## Collected material

════════════════════

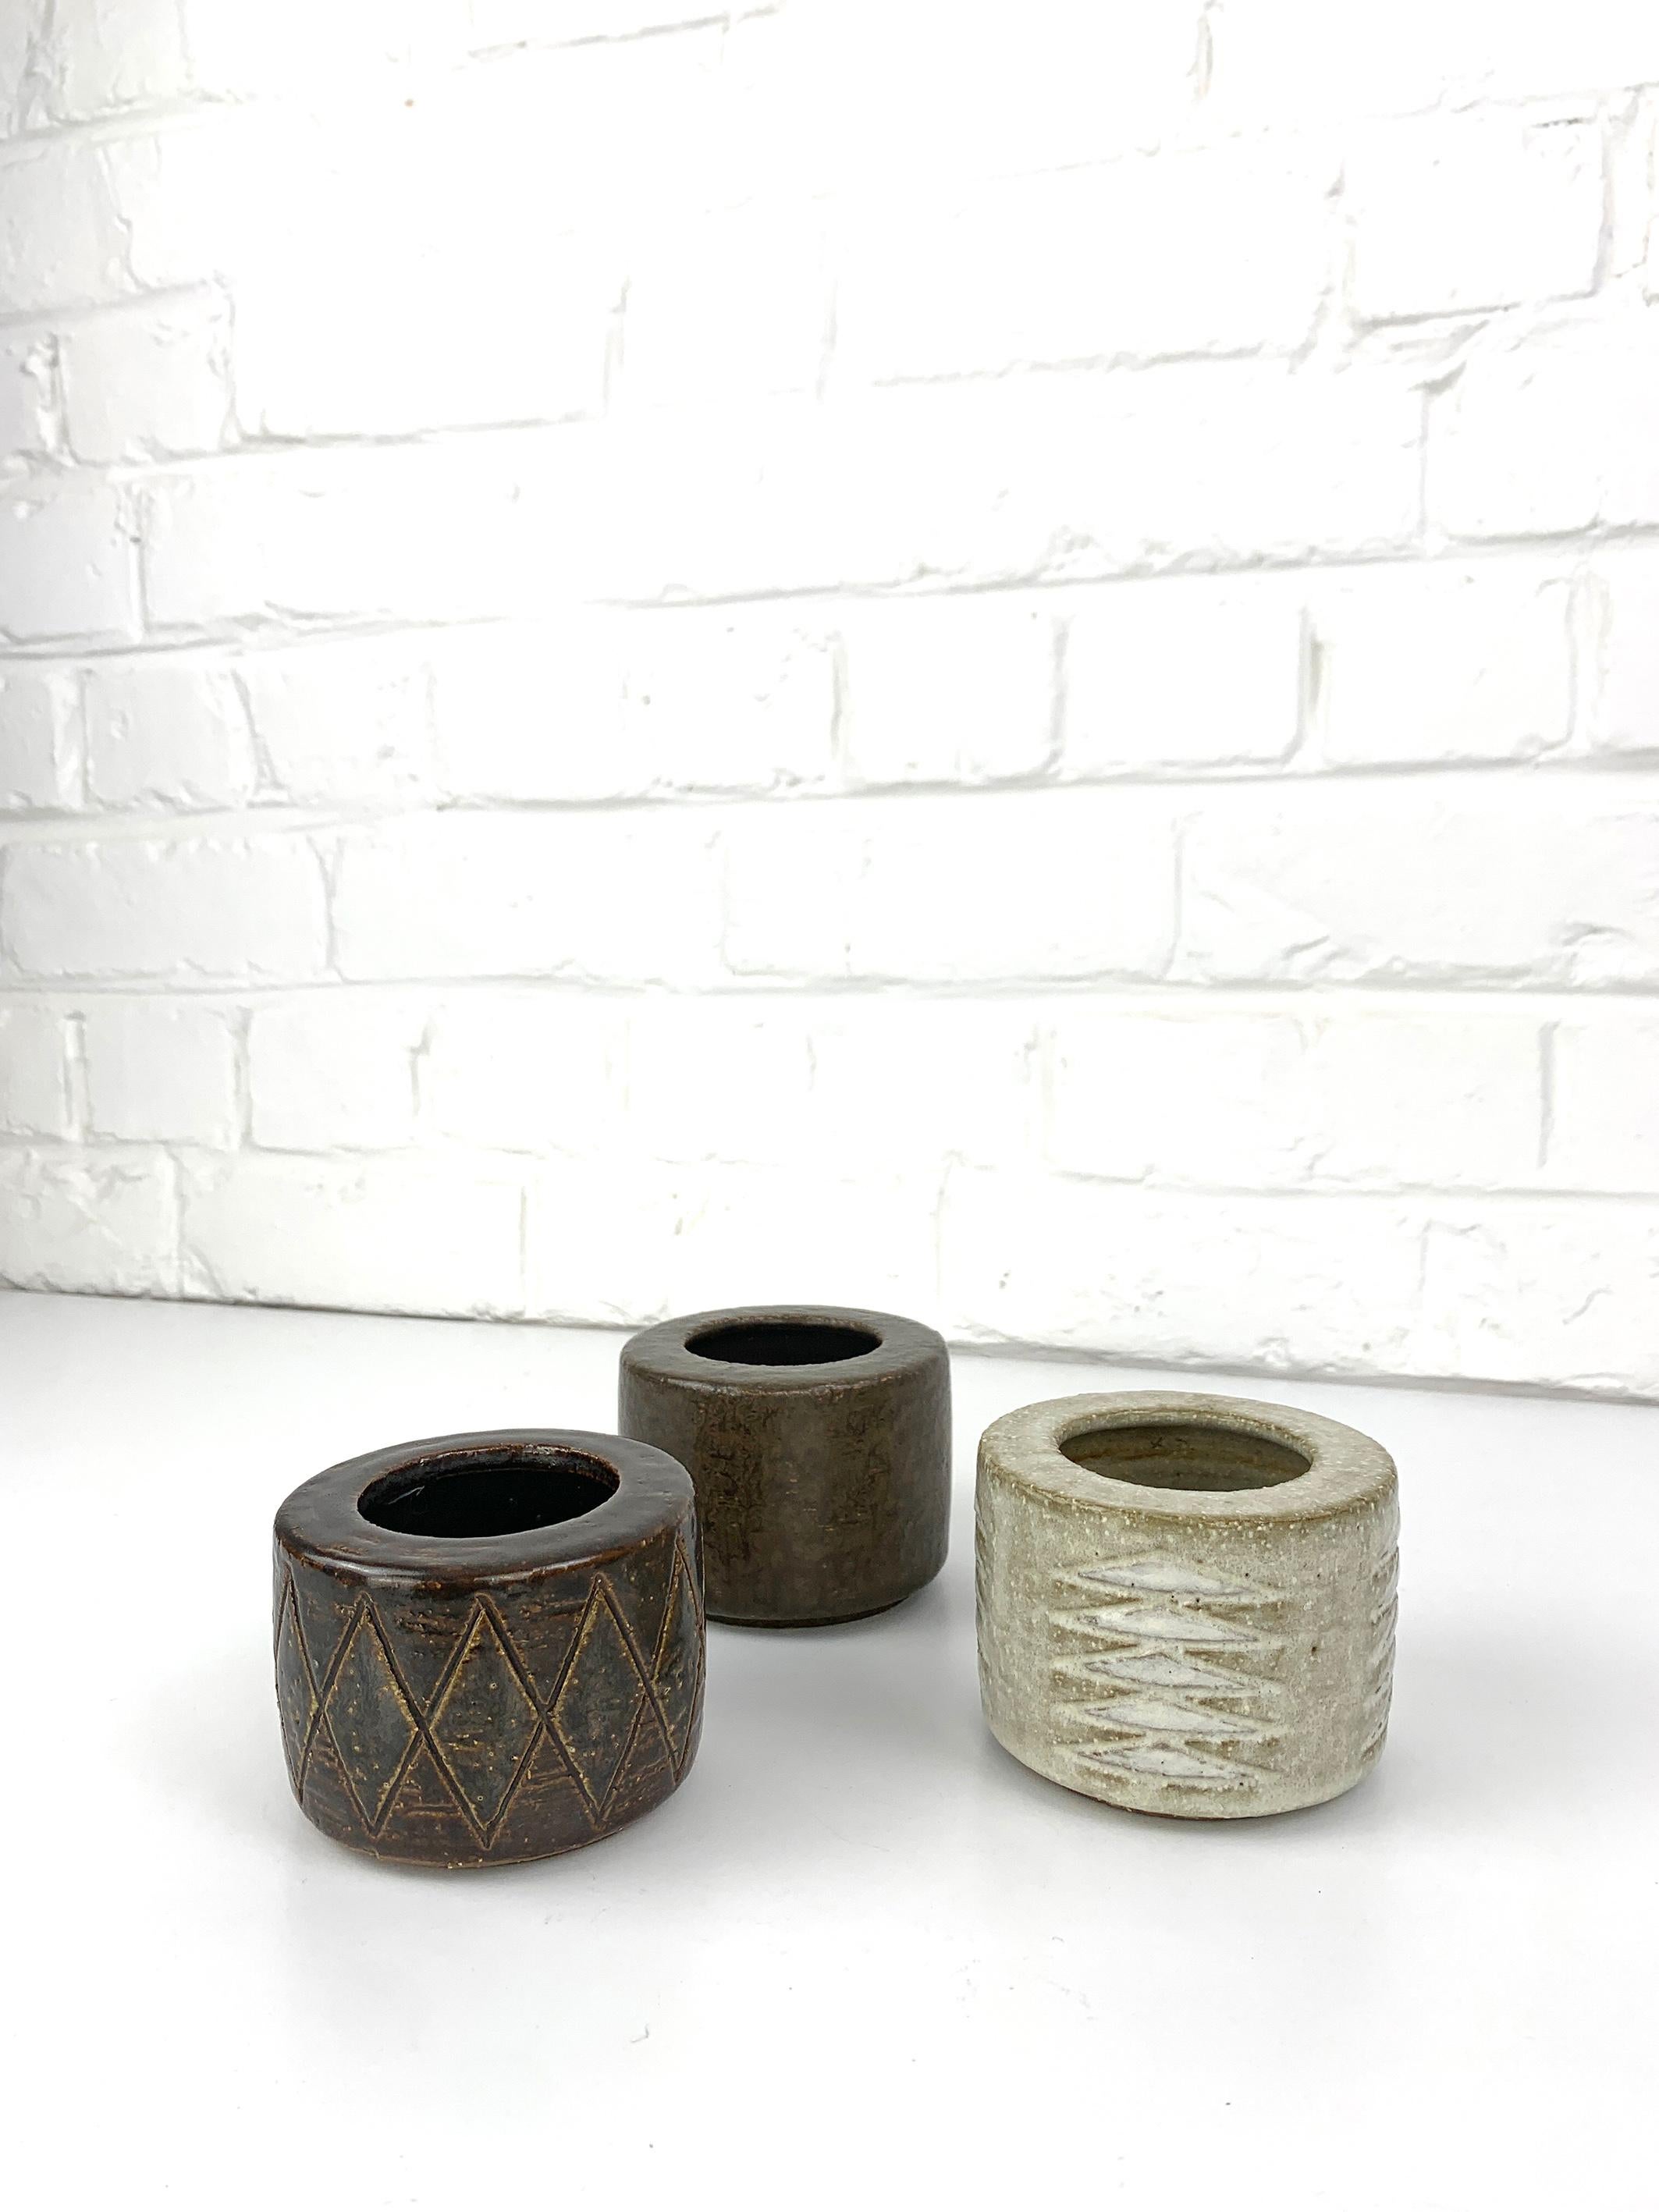 Lot de 3 vases en céramique dans les tons beige-brun. Ils sont accompagnés d'un glaçage discret. Céramique scandinave du milieu du siècle. 

Produit dans les années 1960 par Palshus (Danemark), fondé par Per et sa femme Annelise Linnemann-Schmidt.
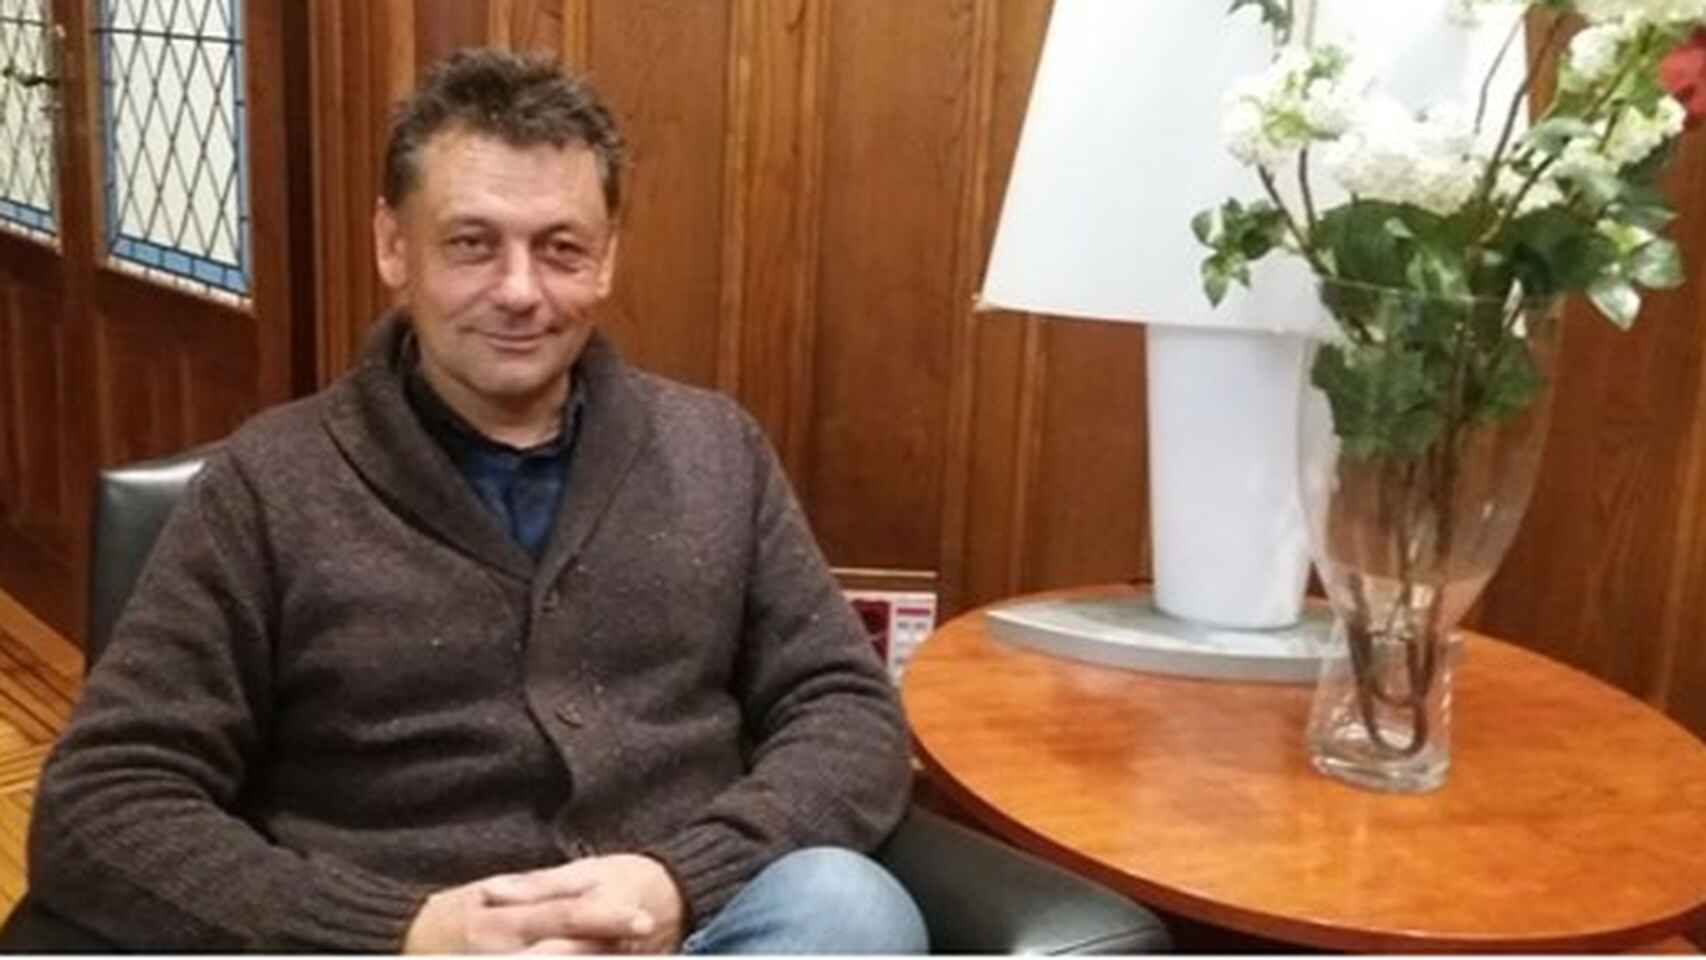 El concejal de Izquierda Unida en el Ayuntamiento de Llanes, Javier Ardines, asesinado en 2018.

════════════════════

## Exercise details
Your task is to reproduce exactly the lines from the one that holds "Produit dans les" to the last line of the listing, and only those, omitting the pictures.

## Answer to the exercise
Produit dans les années 1960 par Palshus (Danemark), fondé par Per et sa femme Annelise Linnemann-Schmidt.
 El concejal de Izquierda Unida en el Ayuntamiento de Llanes, Javier Ardines, asesinado en 2018.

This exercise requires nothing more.